A 12-year-old just yelled out the passenger window of his mom’s SUV that I don’t look very attractive (I’m wearing a mask).
I can’t begin to express how relieved I am that preteen boys want nothing to do with me, so I will never be removing this mask.
“Here’s your cup of Joe” – Joe at the sperm bank
i imagine the people who slaved for years perfecting the google search algorithm would be so mad knowing i mainly use it now for spellcheck
Cute skinny girls wearing weird mismatched clothes: hot quirky hipsters
Me wearing weird mismatched clothes: homeless lady from the 80s
[GOP Debate]
MODERATOR: this question is for Senator Cruz. How will you handle zodiackillersayswhat?
CRUZ: what?
MODERATOR: I knew it!
What base is it when he says, “Stop calling me. We broke up three years ago”?
Any time I see a dog in a baby stroller I assume the dog has somehow established dominance & the baby is back at home stuck in a kennel.
Does this extra layer of cream cheese icing make my bundt look big?
[looks into a mirror]
Well. That can’t be right.
I had a cat called key key meow so I am willing to help name your baby just ask
Did a little self diagnosing over on Web MD and it turns out I’ve been dead since 2006
the first person to see a peacock spread his tail probably had a heart attack
Had a trial where I awkwardly held my briefcase the entire time then finally put it down at the end.
Judge, “Don’t.”
Me, “I rest my case.”
14: Wanna play a game?
12: Sure!
14: Do an impression of Mom
12: Oh that’s easy
14: WITHOUT SWEARING
12: Forget it.The end.
Danny Zuko: I got chills, they’re multiplying…

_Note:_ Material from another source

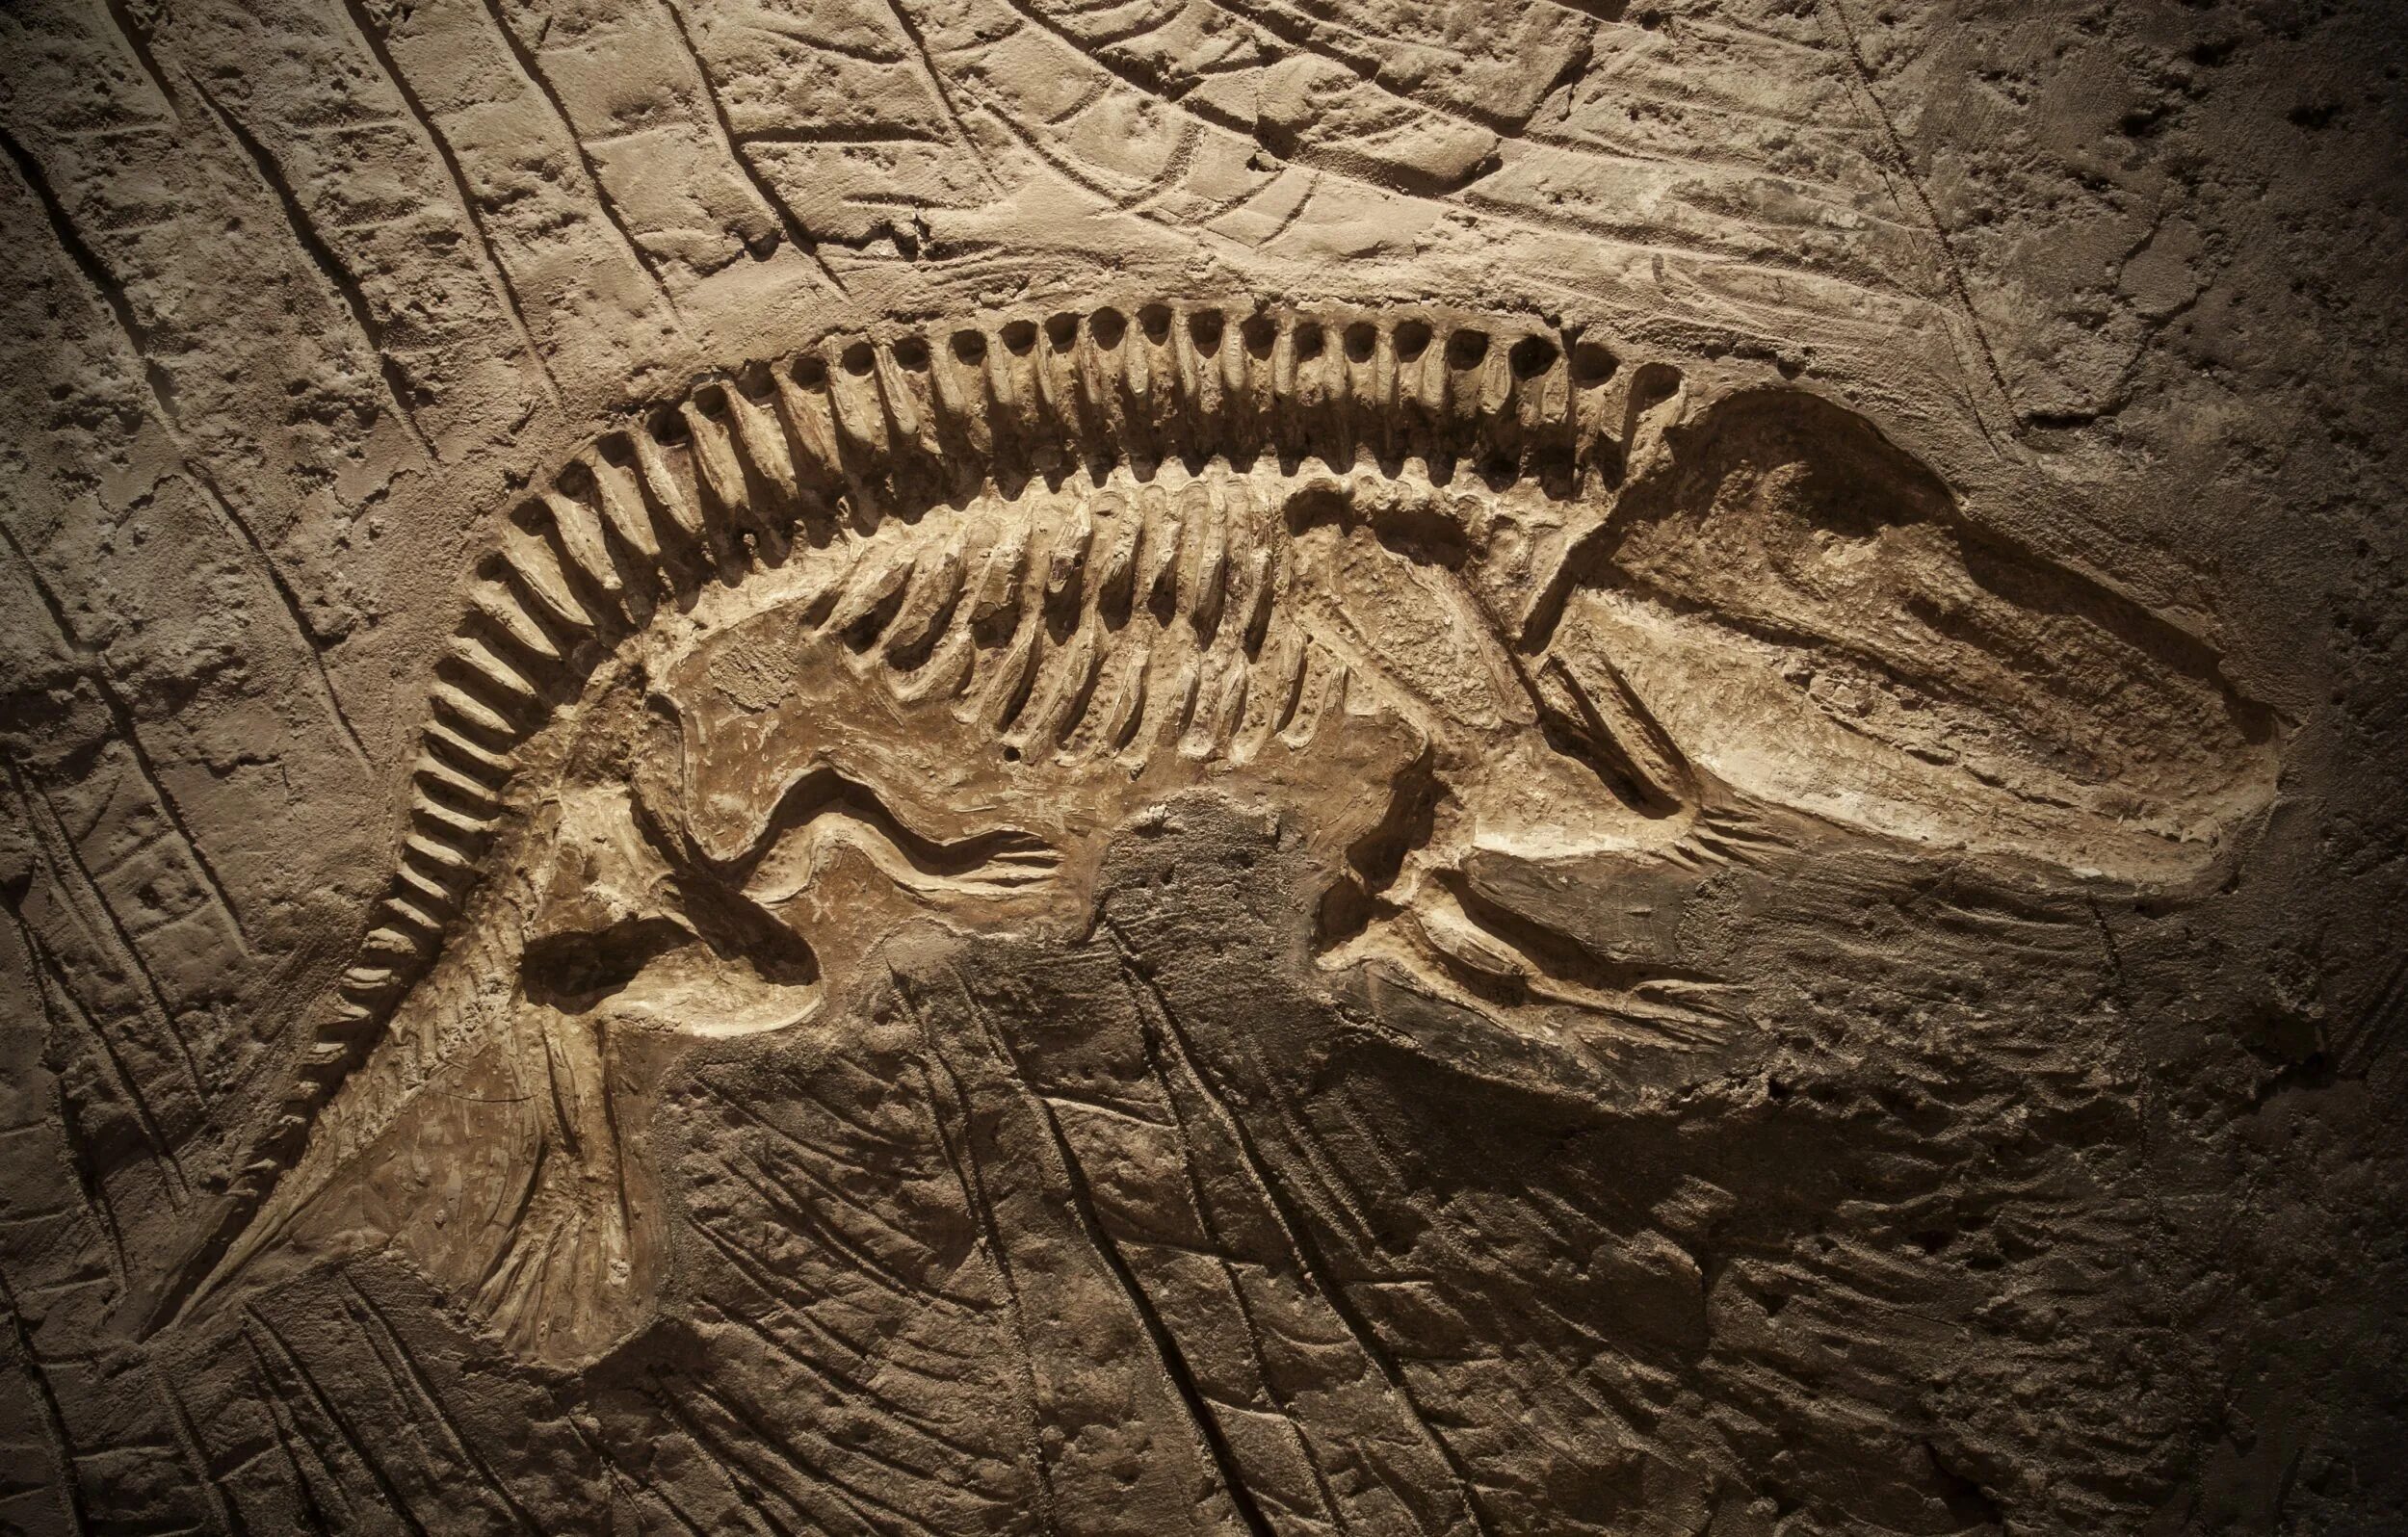 Fossil окаменелости. Стегозавр окаменелости. Окаменелости динозавров. Ископаемые останки динозавров.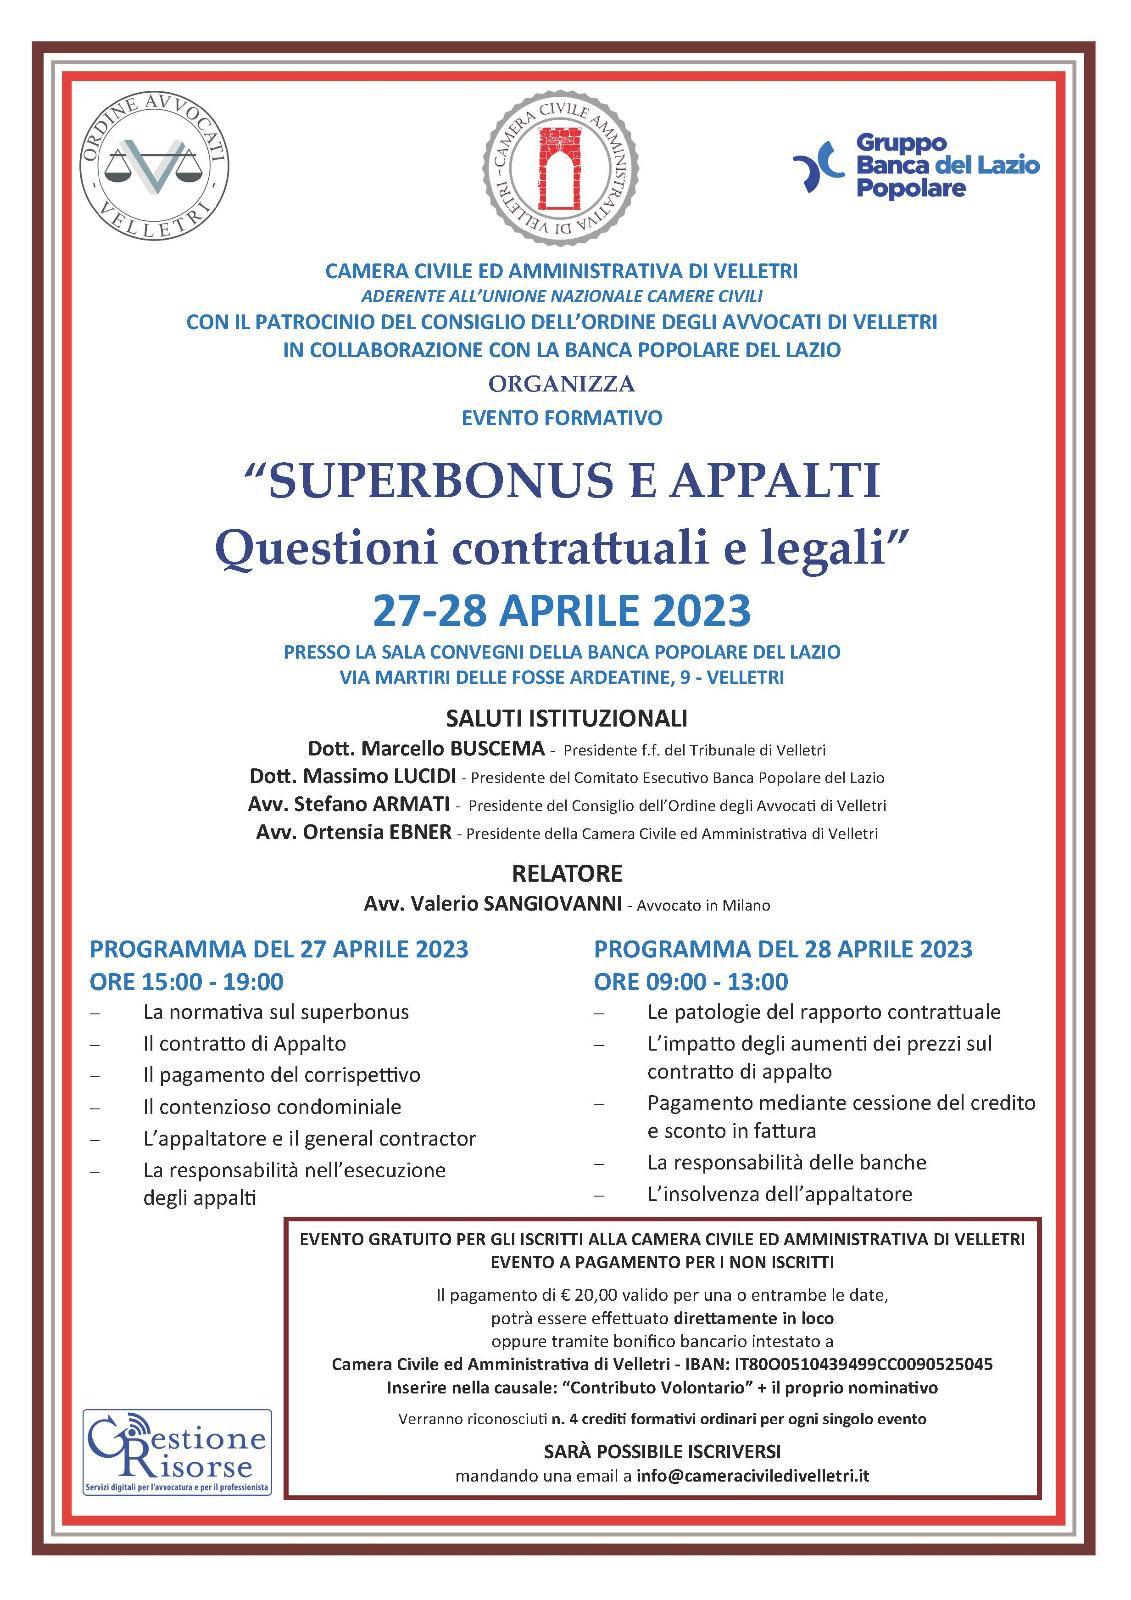 “Superbonus e appalti”: evento formativo organizzato dalla Camera Civile ed Amministrativa di Velletri

Sandy: Gross. You probably have a stomach bug.
“Does anybody in the car have a heart condition?” I ask as I slide my Smash Mouth CD into the radio.
I just googled “jokes to tell right before you die” and if that doesn’t tell you what kind of person I am, I don’t know what does.
doctor: I’m afraid it’s bad news
me: omg, me too
Due to the Corona Virus safety guidelines, hairdressers are now required to keep smalltalk to a minimum.
Introverts: Praise Jesus!
Exchange student: my village back home still lacks access to clean water
Me: ugh I know how you feel. we’ve needed a Target for like, ever
yeah no that’s fair
I text him the eggplant emoji along with “I would like this tonight” (because I’m planning dinner) and I have never seen a man so excited for vegetables.